What this lesson teaches
------------------------
We will:

1. create a synthetic spatial evaluation dataset,
2. convert raw model-like outputs into ``df_eval``,
3. call the real ``evaluate_forecast`` helper,
4. inspect the nested result structure,
5. add a custom metric,
6. build a small explanatory figure from the returned
   metrics.

The figure is important here because it shows *why*
this helper is useful: it makes horizon-wise and
time-wise forecast quality visible.

"""

# %%
# Imports
# -------
# We use the real forecast formatting and evaluation
# utilities from GeoPrior.

import numpy as np
import pandas as pd
import matplotlib.pyplot as plt

from geoprior.utils.forecast_utils import (
    evaluate_forecast,
    format_and_forecast,
)

# %%
# Step 1 - Build a compact synthetic spatial forecast
# ---------------------------------------------------
# We mimic a small city-like grid.
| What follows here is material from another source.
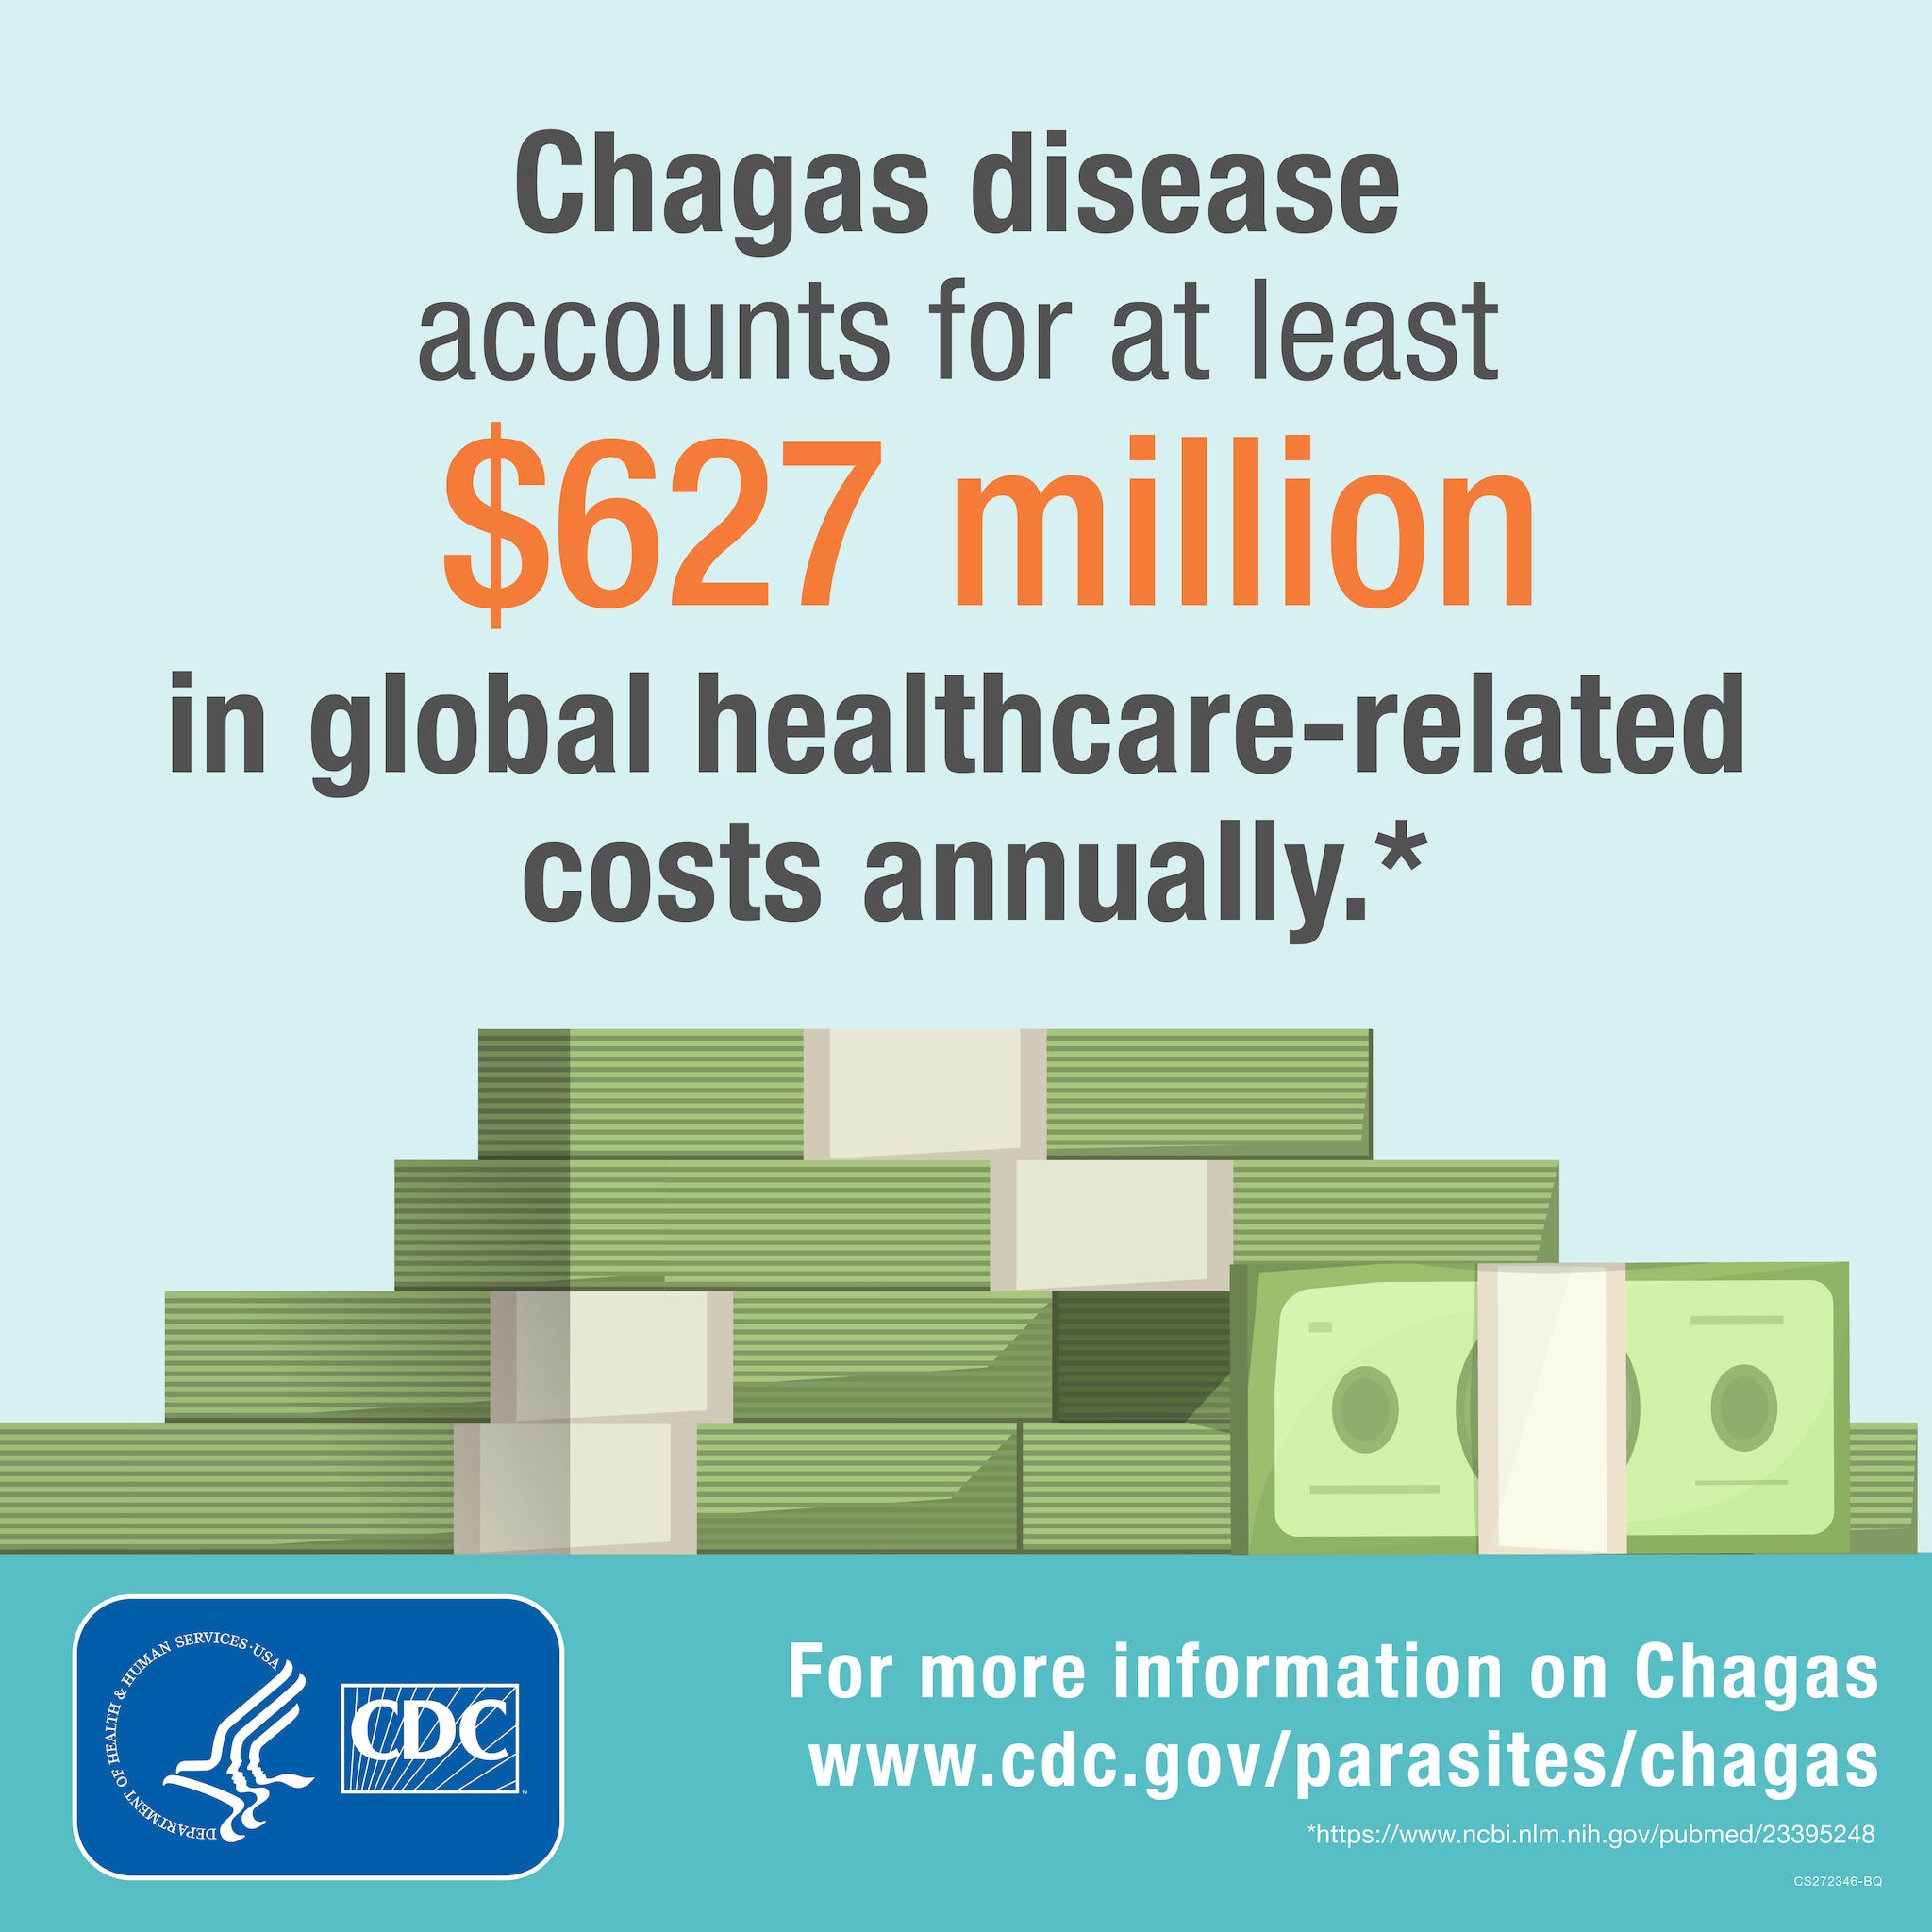 Chagas disease accounts for at least $627 million in global healthcare-related cost annually.

Each spatial location
# becomes one sample, and the model produces a forecast
# for three horizon steps.
#
# We create raw arrays in the same style used by the
# forecast formatter:
#
# - ``y_pred["subs_pred"]`` with shape ``(B, H, Q, O)``
# - ``y_true["subsidence"]`` with shape ``(B, H, O)``
# - ``coords`` with shape ``(B, H, 3)``
#
# This keeps the lesson aligned with the actual workflow.
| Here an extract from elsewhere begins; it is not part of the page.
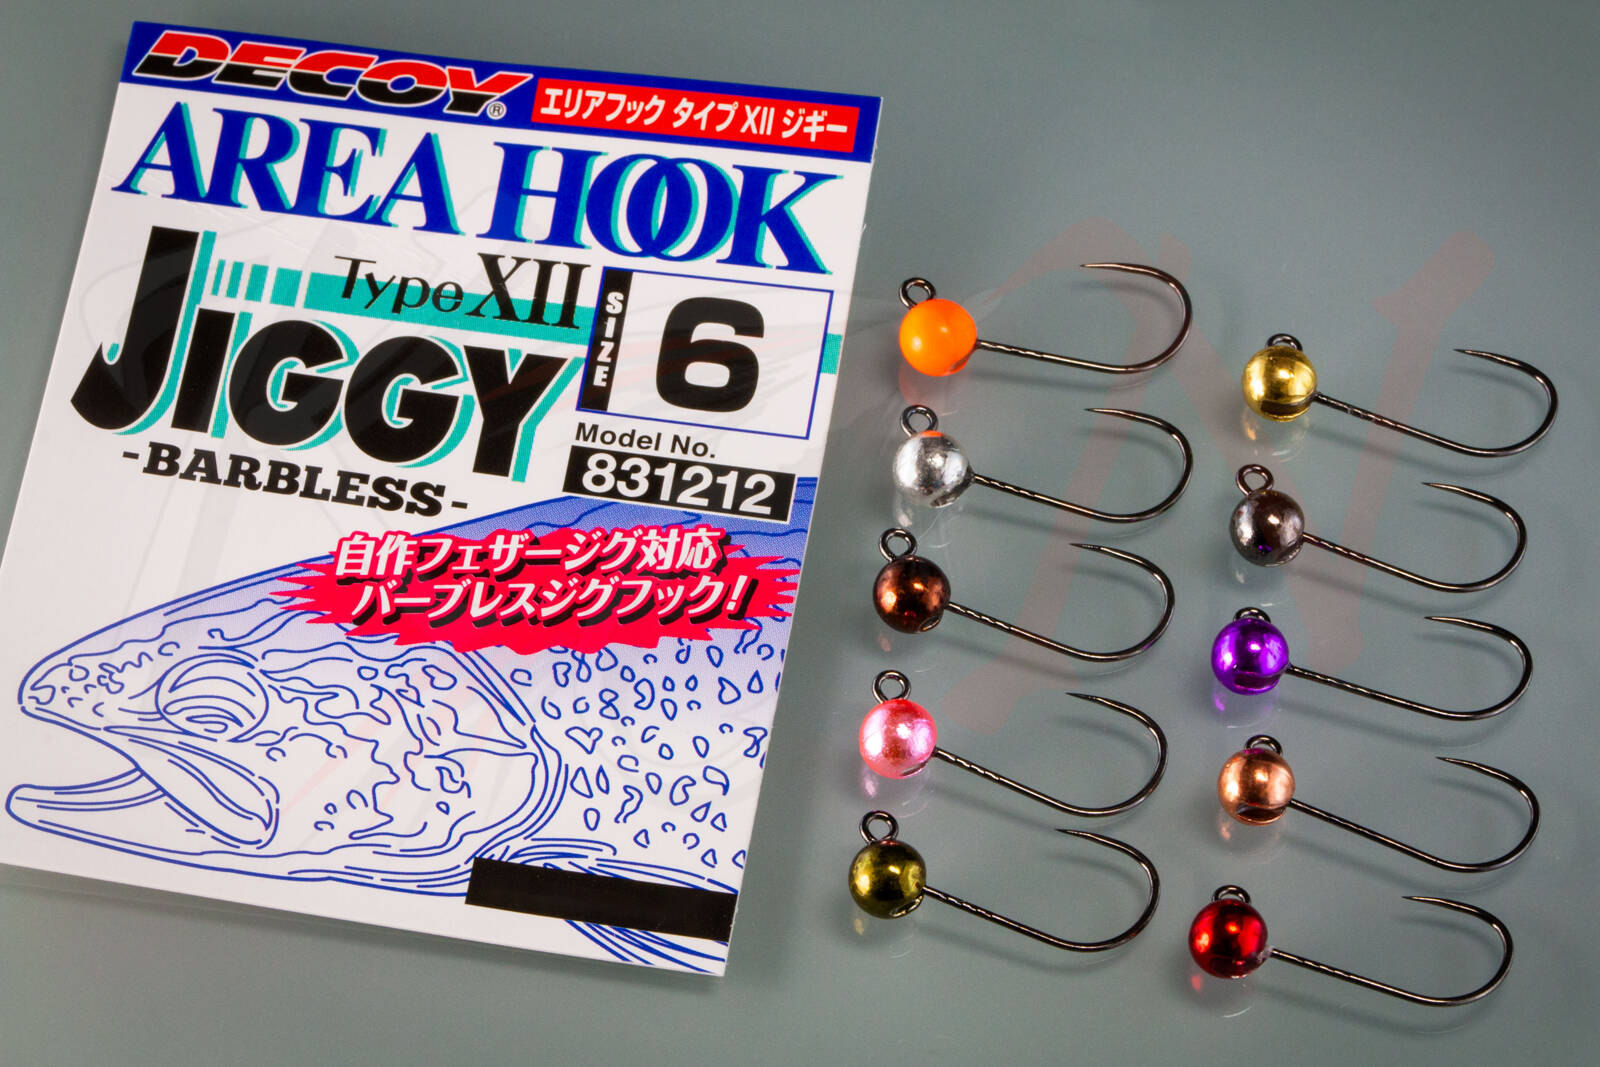 Decoy Trout Area jig hooks #6 with tungsten bead - 5.5mm, 1.35g, 5 pcs -  online webshop

rng = np.random.default_rng(123)

nx = 8
ny = 6
xv = np.linspace(0.0, 12_000.0, nx)
yv = np.linspace(0.0, 8_000.0, ny)

X, Y = np.meshgrid(xv, yv)
x_flat = X.ravel()
y_flat = Y.ravel()

B = x_flat.size
H = 3
Q = 3
O = 1

quantiles = [0.1, 0.5, 0.9]
future_years = np.array([2023, 2024, 2025], dtype=int)
train_end_year = 2022

xn = (x_flat - x_flat.min()) / (x_flat.max() - x_flat.min())
yn = (y_flat - y_flat.min()) / (y_flat.max() - y_flat.min())

hotspot = np.exp(
    -(
        ((xn - 0.72) ** 2) / 0.022
        + ((yn - 0.36) ** 2) / 0.032
    )
)
ridge = 0.50 * np.exp(
    -(
        ((xn - 0.30) ** 2) / 0.030
        + ((yn - 0.74) ** 2) / 0.050
    )
)
gradient = 0.45 * xn + 0.24 * (1.0 - yn)

coords = np.zeros((B, H, 3), dtype=float)
for i in range(B):
    for h in range(H):
        coords[i, h, 0] = h + 1
        coords[i, h, 1] = x_flat[i]
        coords[i, h, 2] = y_flat[i]

y_true_subs = np.zeros((B, H, O), dtype=float)
y_pred_subs = np.zeros((B, H, Q, O), dtype=float)

for h in range(H):
    lead_scale = [1.00, 1.18, 1.42][h]
    median = (
        2.0
        + 1.3 * gradient
        + 2.2 * hotspot
        + 0.9 * ridge
    ) * lead_scale

    width = (
        0.30
        + 0.08 * xn
        + 0.05 * hotspot
        + 0.06 * (h + 1)
    )

    q10 = median - width
    q50 = median
    q90 = median + width

    actual = median + rng.normal(0.0, 0.16, size=B)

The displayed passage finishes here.